Start of Dataset section

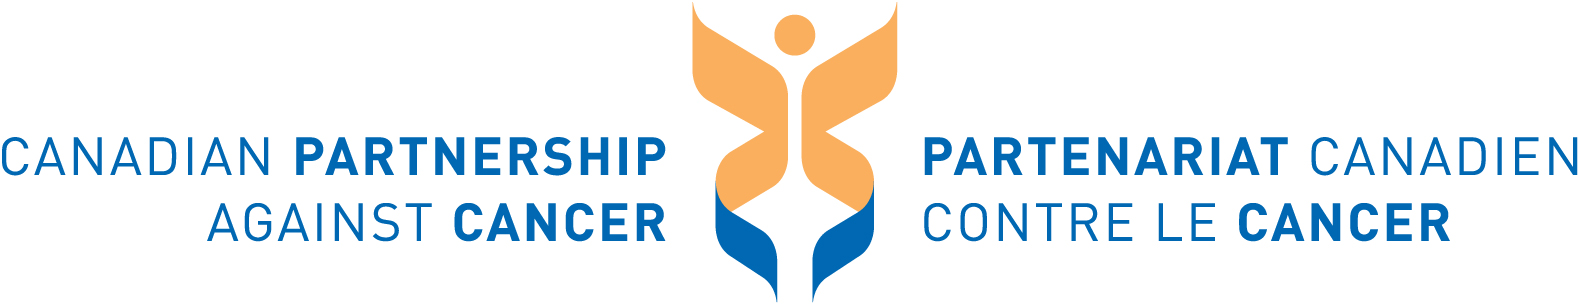 Canadian Partnership Against Cancer Logo
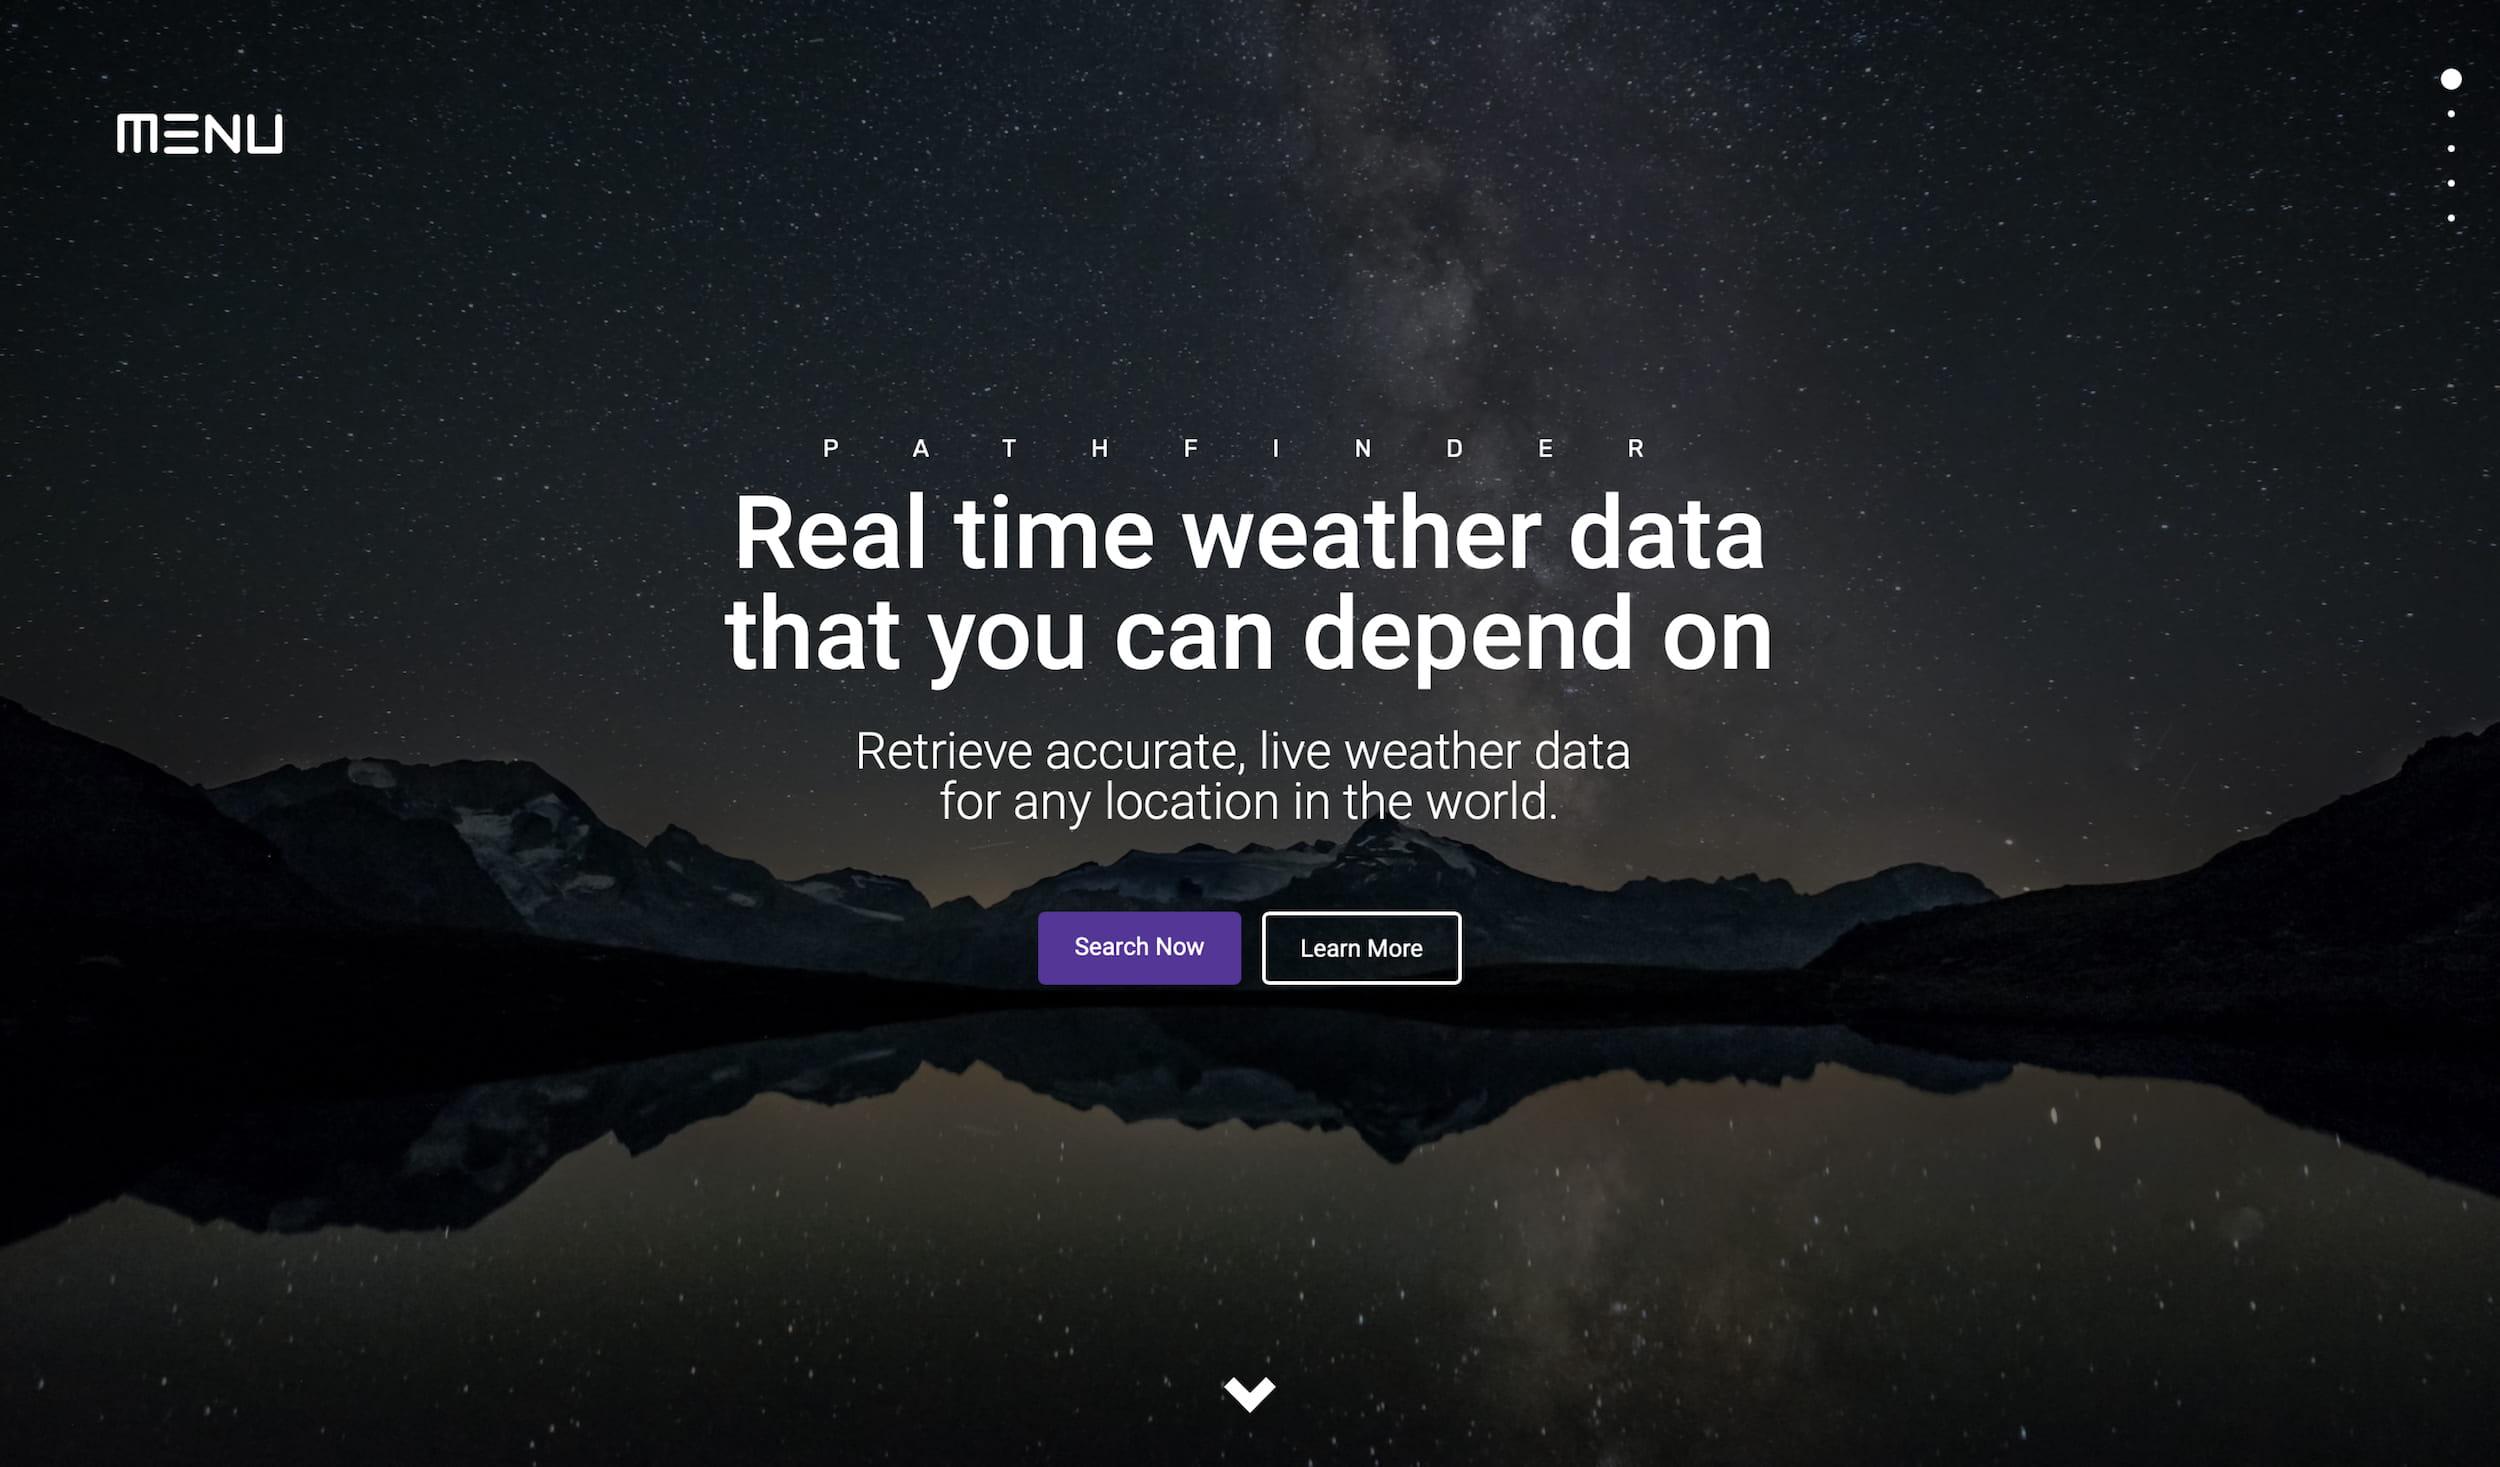 Pathfinder Weather
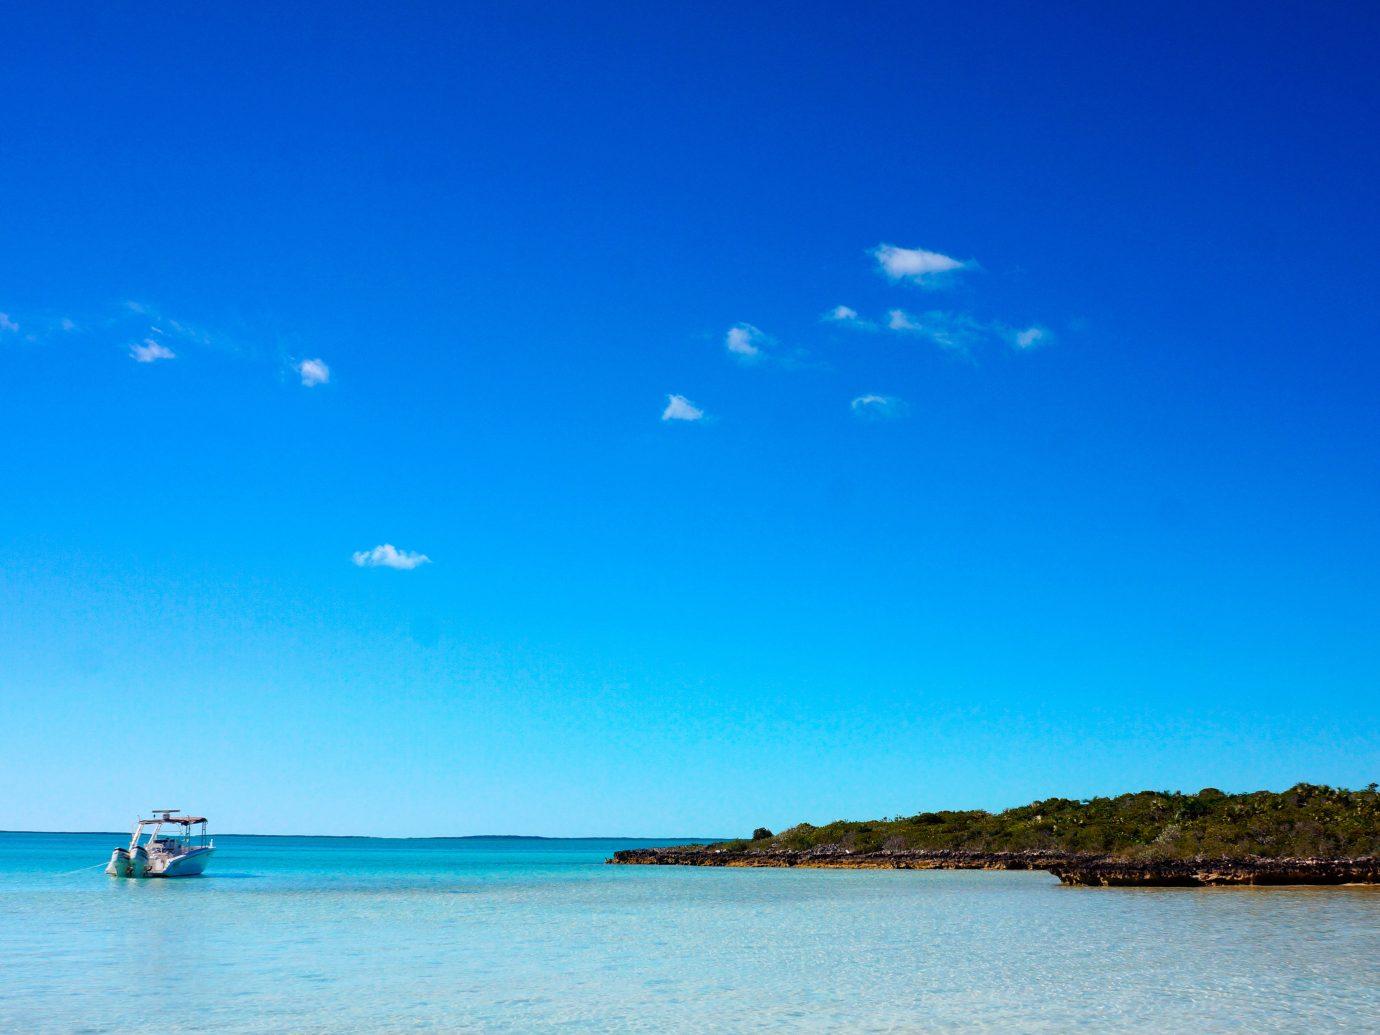 Beach Beachfront Honeymoon Hotels Romance sky water outdoor Boat Sea horizon body of water shore Ocean blue cloud Coast bay Lake dusk Island islet Lagoon distance
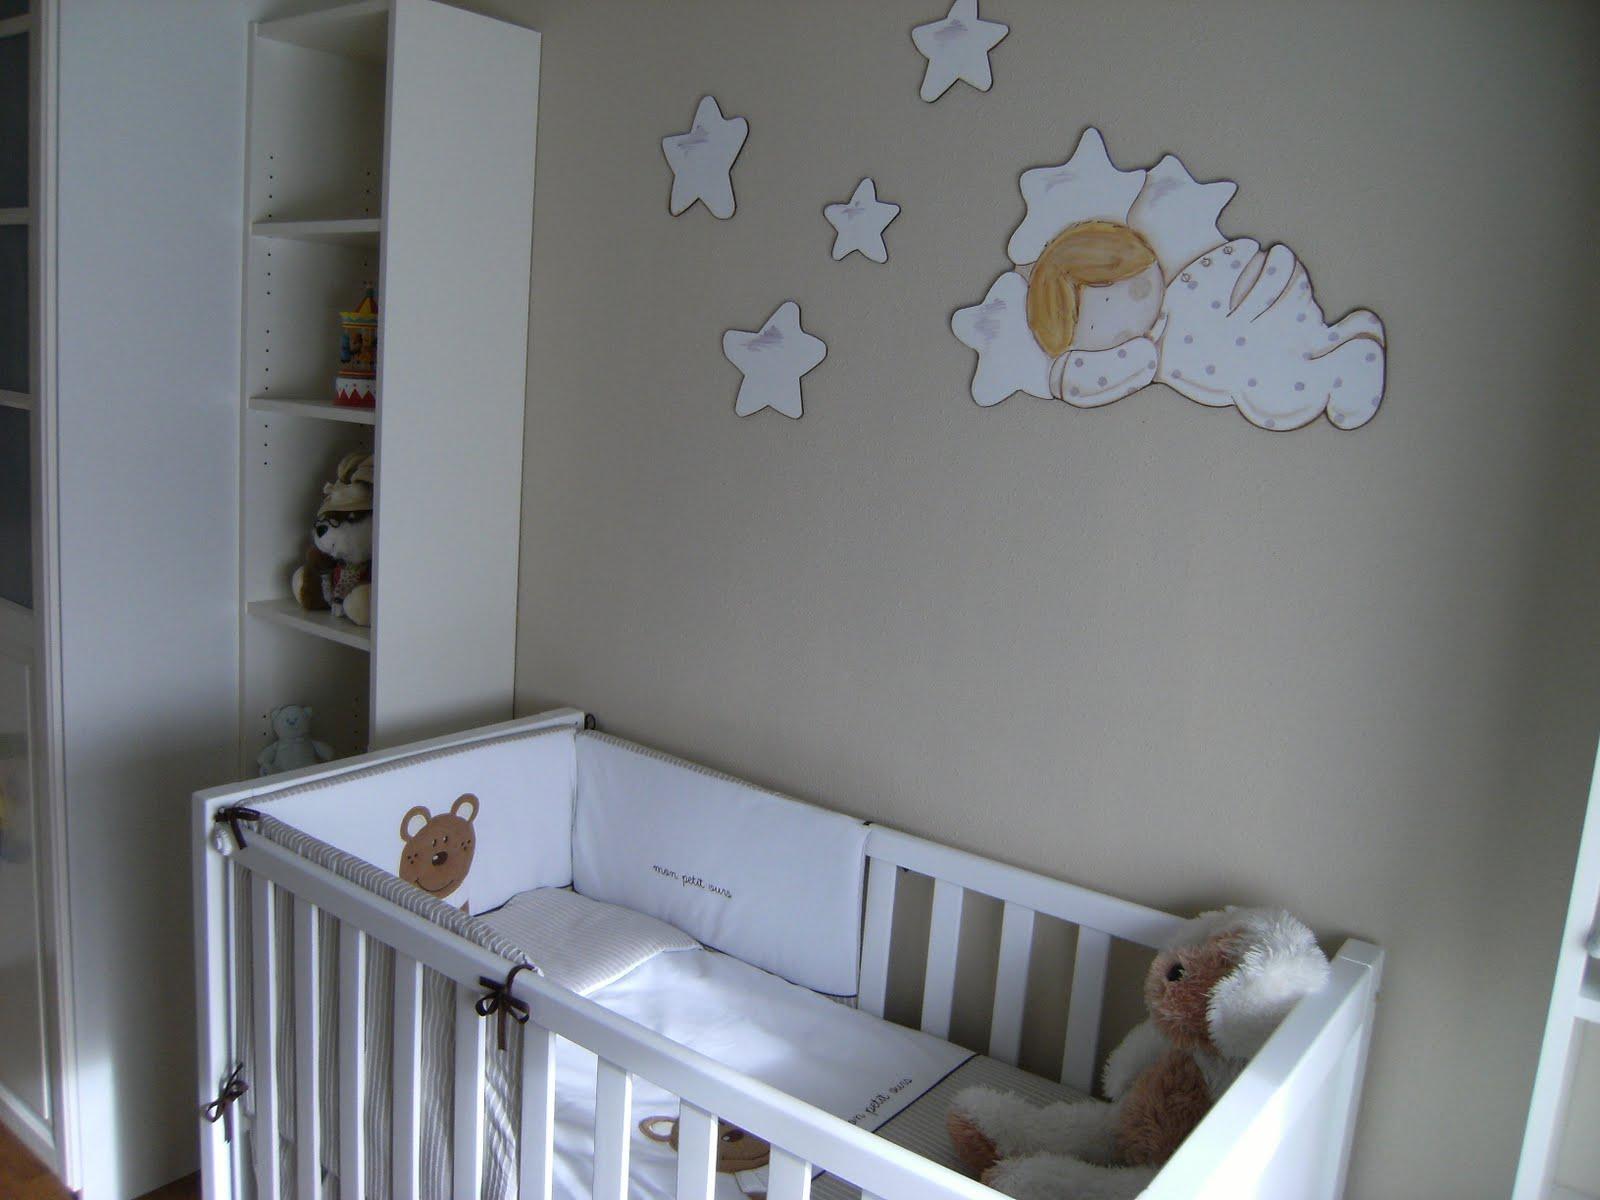 Deco chambre b b chambre d 39 enfant - Chambre d enfant deco ...

End of Dataset section

### Task to carry out:
With pictures excluded, copy exactly the lines from the line containing "Pathfinder Weather" through the last line of the listing above, both ends included.

### Output of the task:
 Pathfinder Weather
 Beach Beachfront Honeymoon Hotels Romance sky water outdoor Boat Sea horizon body of water shore Ocean blue cloud Coast bay Lake dusk Island islet Lagoon distance
 Deco chambre b b chambre d 39 enfant - Chambre d enfant deco ...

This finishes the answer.